Figure 10 shows the comparison of CD8+ memory subset identification using manual gating and unsupervised clustering with FlowSoM.
Figure 10. Comparison of CD8+ T Cell Memory Subsets Identified by Manual Gating. (A) and FlowSOM (B). Data was compensated and logicle transformed using Kaluza Analysis Software and uploaded to the Cytobank platform through the Kaluza Cytobank Plugin. Further data analysis was performed on the Cytobank platform. Plots are for illustration purposes only.

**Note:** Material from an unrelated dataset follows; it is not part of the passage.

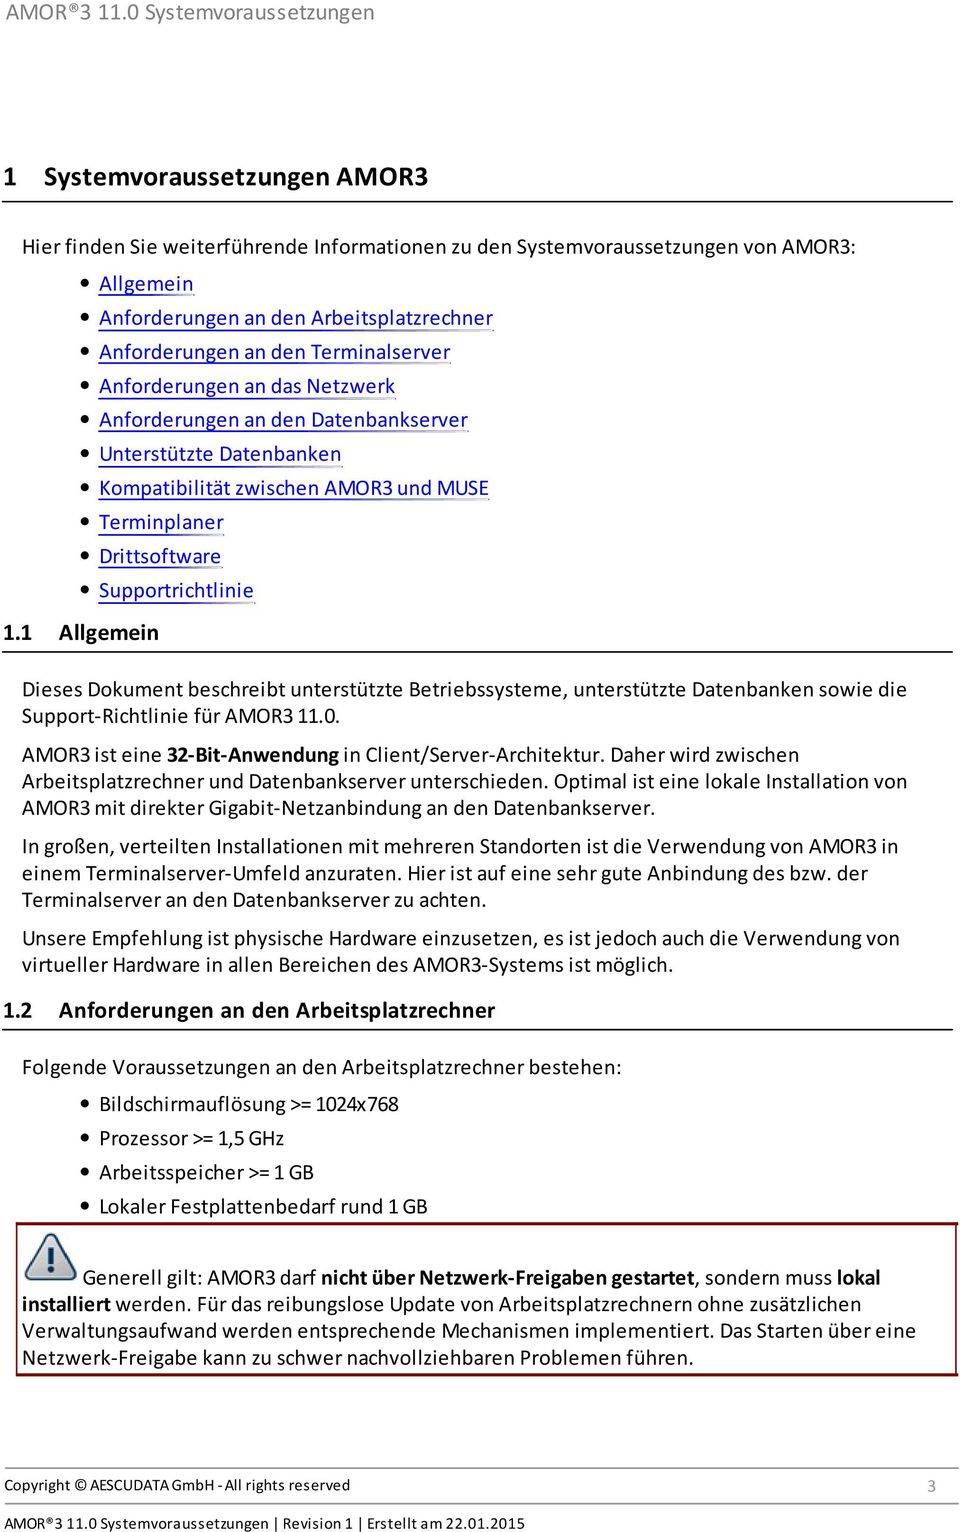 1 Allgemein Dieses Dokument beschreibt unterstützte Betriebssysteme, unterstützte Datenbanken sowie die Support-Richtlinie für AMOR3 11.0. AMOR3 ist eine 32-Bit-Anwendung in Client/Server-Architektur.

Data for three donors obtained using a 20 marker panel acquired on a CytoFLEX LX was used to show a manual gating strategy to identify leukocyte subsets as well as a deeper analysis of T cell subsets. The use of viSNE to visualize high dimensional data in a 2D viSNE map was shown and the use of viSNE and SPADE to compare samples was discussed. Finally, automatic cluster identification using FlowSOM was compared to the results of manual gating. Machine learning tools such as viSNE, FlowSOM and SPADE can be helpful in visualizing high parameter data and in the unbiased identification of cellular subsets.
Tips for Success
For detailed instructions on using Kaluza Analysis refer to Kaluza IFU C10986 , detailed instructions on using the Cytobank platform can be accessed at support.cytobank.org. This document does not replace Instructions for Use.
A more in depth discussion of the analyses performed here is provided in the “Use Machine Learning Algorithms to Explore the Potential of Your High Dimensional Flow Cytometry Data Example of a 20-color Panel on CytoFLEX LX” and “Leveraging the Combined Power of Kaluza and the Cytobank Platform” Technical Notes.
- Amir ED, Davis KL, Tadmor MD, et al. viSNE enables visualization of high dimensional single-cell data and reveals phenotypic heterogeneity of leukemia. Nature Biotechnology. 2013;31(6):545-552. doi:10.1038/nbt.2594.
- Van Gassen S, Callebaut B, Van Helden MJ, et al. FlowSOM: Using self-organizing maps for visualization and interpretation of cytometry data: FlowSOM. Cytometry. 2015;87(7):636-645. doi:10.1002/cyto.a.22625.
- Ortolani C. Antigens. In: Flow Cytometry of Hematological Malignancies. John Wiley & Sons, Ltd; 2011:1-157. doi:10.1002/9781444398069.ch1.
- Qiu P, Simonds EF, Bendall SC, et al. Extracting a cellular hierarchy from high-dimensional cytometry data with SPADE. Nature Biotechnology. 2011;29(10):886-891. doi:10.1038/nbt.1991.